Finally, multivariable logistic regression modeling was used to estimate adjusted odds ratios (ORs) and 95% confidence intervals (CIs) for medication use (exposure) and prevalent UI (outcome). To reduce confounding, subpopulations of persons with antihypertensive indications (N=948 men, N=1199 women) and lipid-lowering drug indications (N=844 men, N=1188 women) were created for modeling analyses of these drug groups.14 Age- and race/ethnicity-adjusted models (‘minimally adjusted’ models) were first constructed separately by gender for each medication variable and UI. Additional covariates considered for parsimonious models were diabetes, cardiac disease, congestive heart failure, hypertension, high cholesterol, asthma, waist circumference and depression, plus arthritis, surgical menopause and 1+ vaginal delivery for women. To determine the structure of the final, parsimonious multivariable model, a model with all covariates was fit and variables backwards-selected, retaining only those covariates that induced a 12.5% change in the OR, or were significantly associated with the outcome (Wald F test p<0.10). The influence of other medications was also considered in some multivariable models to evaluate the robustness of results.
Results
The overall prevalence of UI in the analysis sample (N=5,021) was 9.0% among women and 4.6% among men. Men and women with UI had significantly older mean age compared to those without (Table 1). Among women, there was a higher prevalence of diabetes, high cholesterol, hypertension, arthritis, asthma, obesity, and depressive symptoms among those with UI compared to those without (p<0.05). Women with UI were also more likely to have a higher mean waist circumference and to have given birth vaginally.
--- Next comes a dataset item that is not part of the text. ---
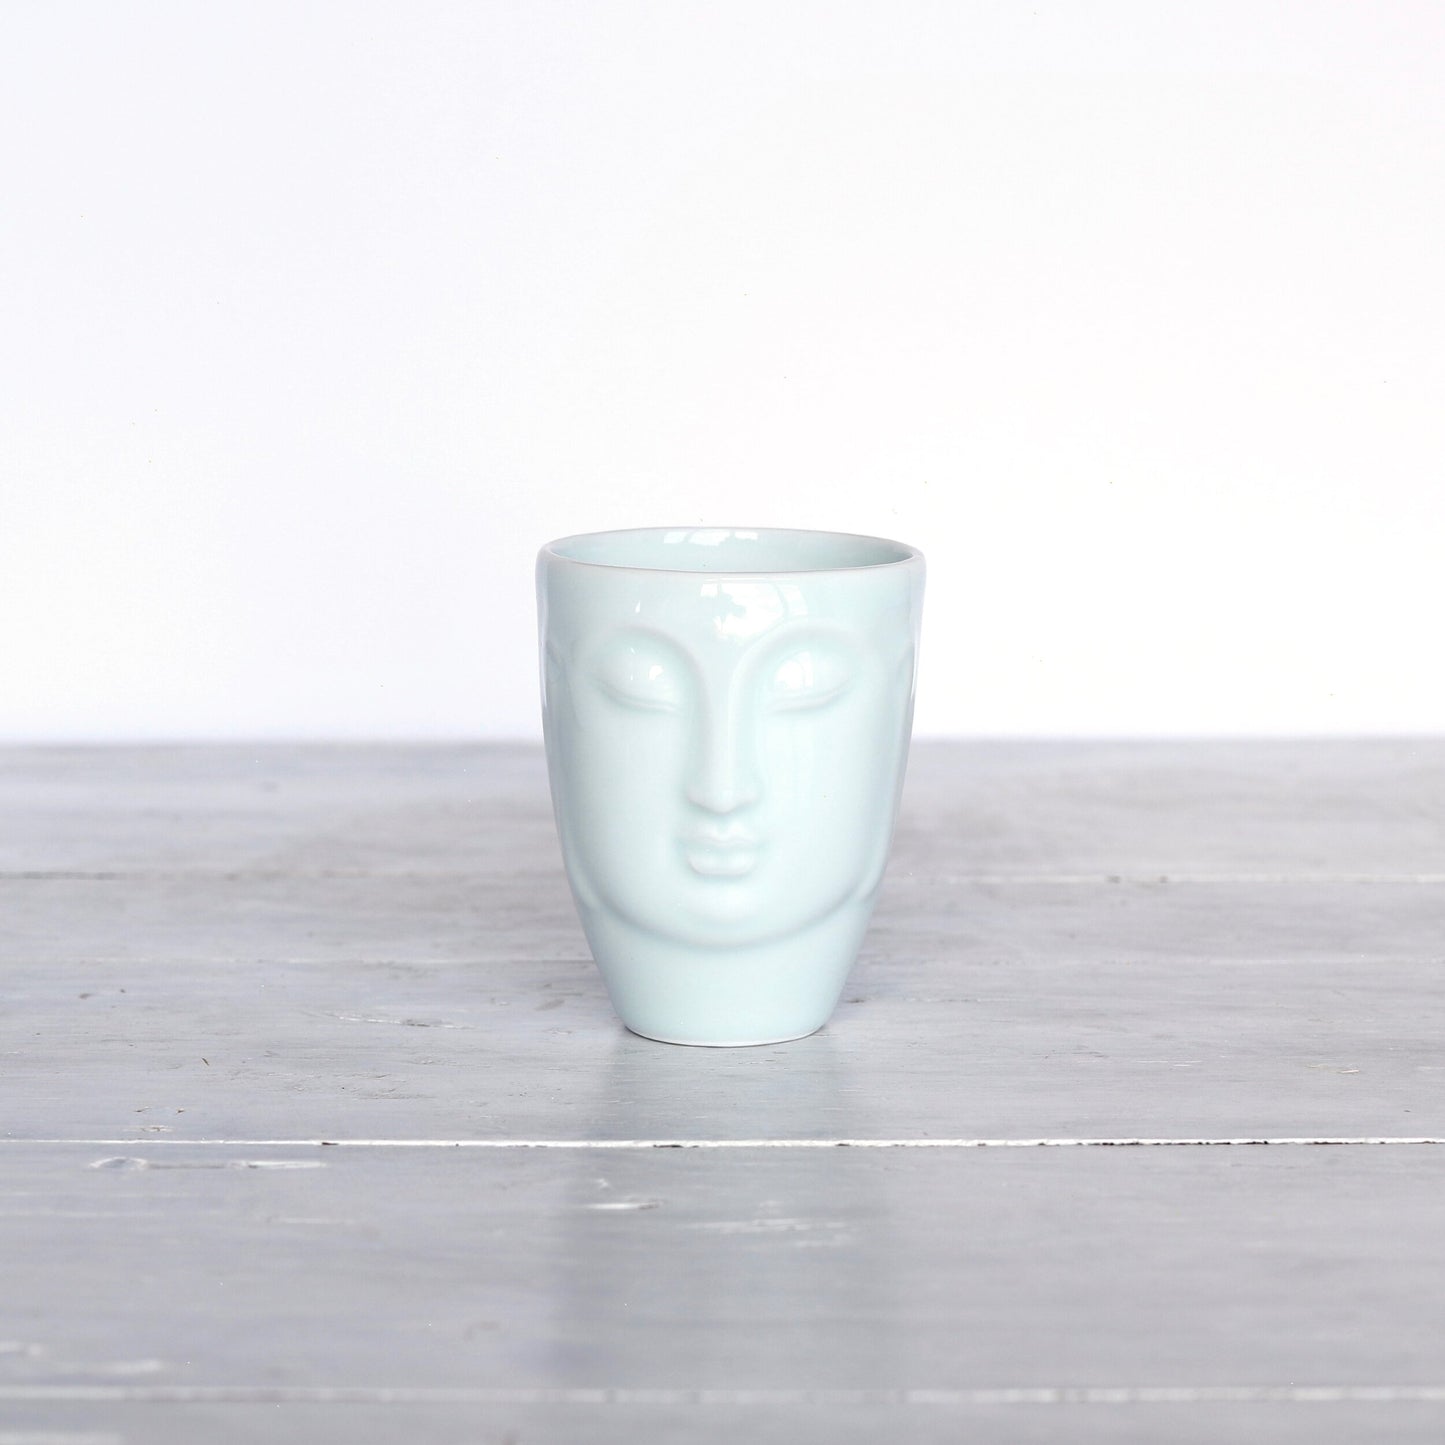 Meditative Cups in Celadon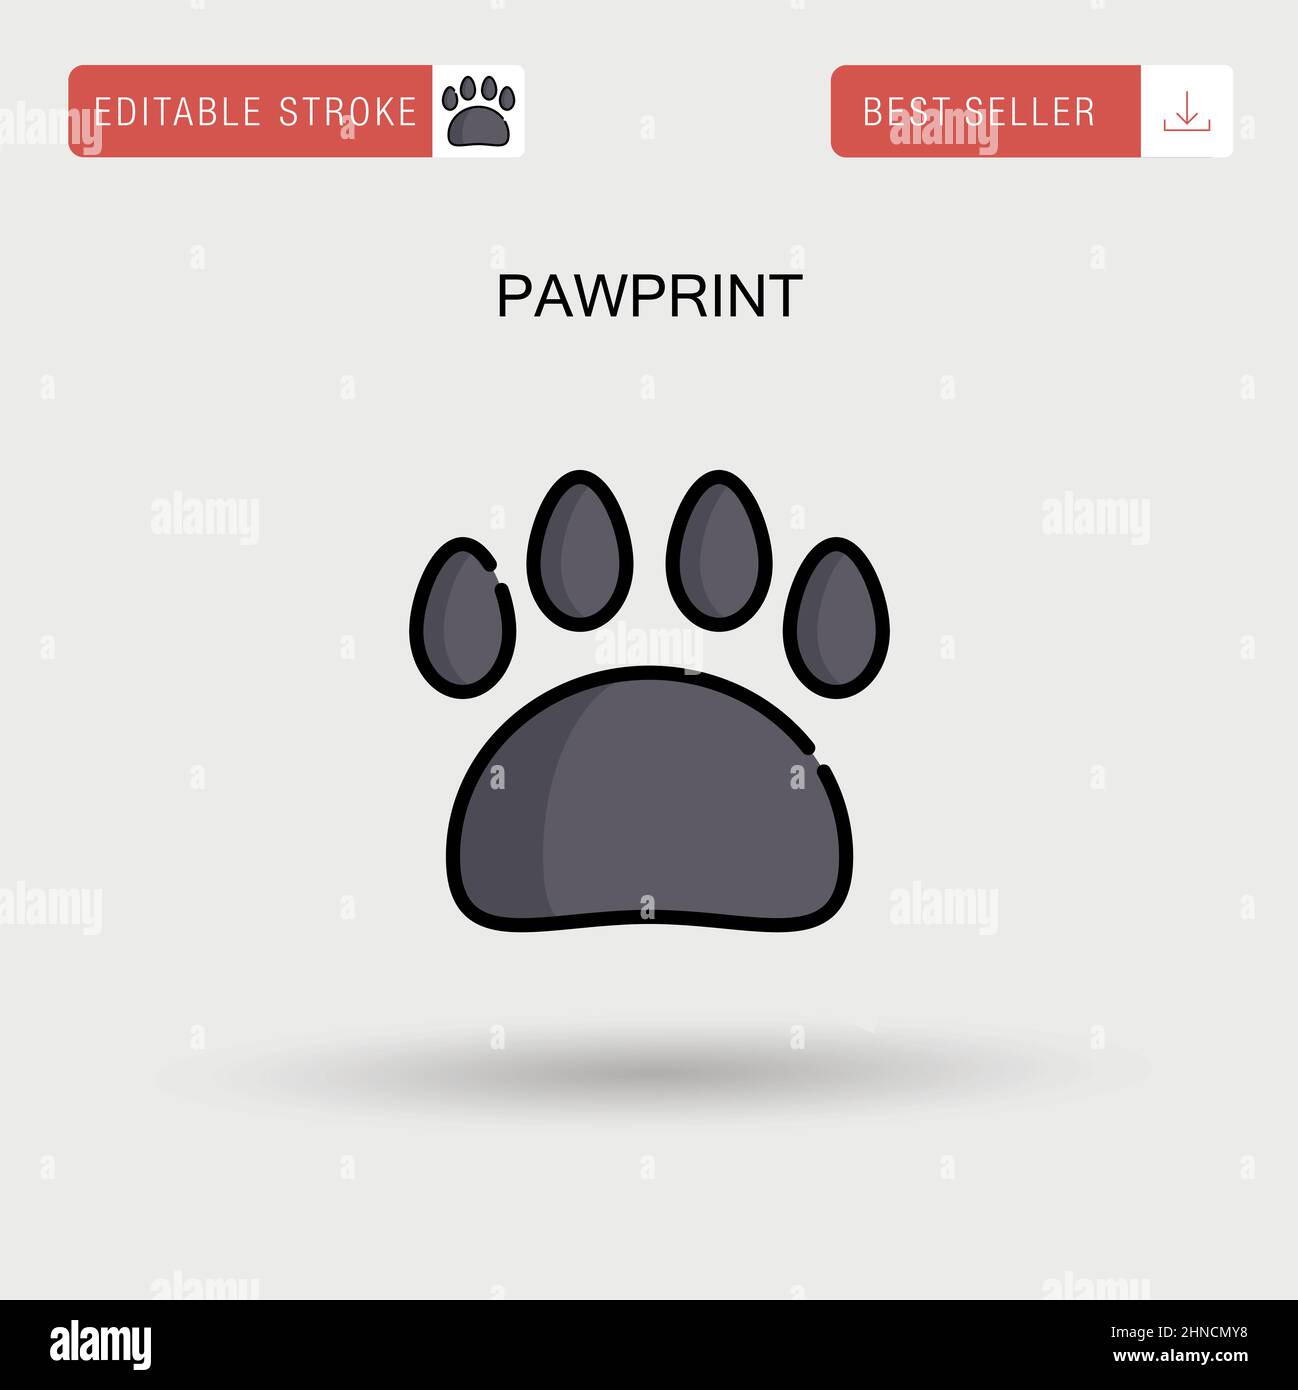 Pawprint Simple vector icon. Stock Vector

Nearly half used ≥3 prescription medications compared to 28.1% of women without UI. Among men, there was a general pattern of higher comorbidities (especially diabetes, cardiac disease, and high cholesterol) among those with UI, but only having depressive symptoms was significantly different by UI status (28.9% with UI vs. 12.8% without, p=0.03).
TABLE 1.
Demographic and medical characteristics of men and women with and without urinary incontinence (UI)*, Boston Area Community Health Survey, N=5,021.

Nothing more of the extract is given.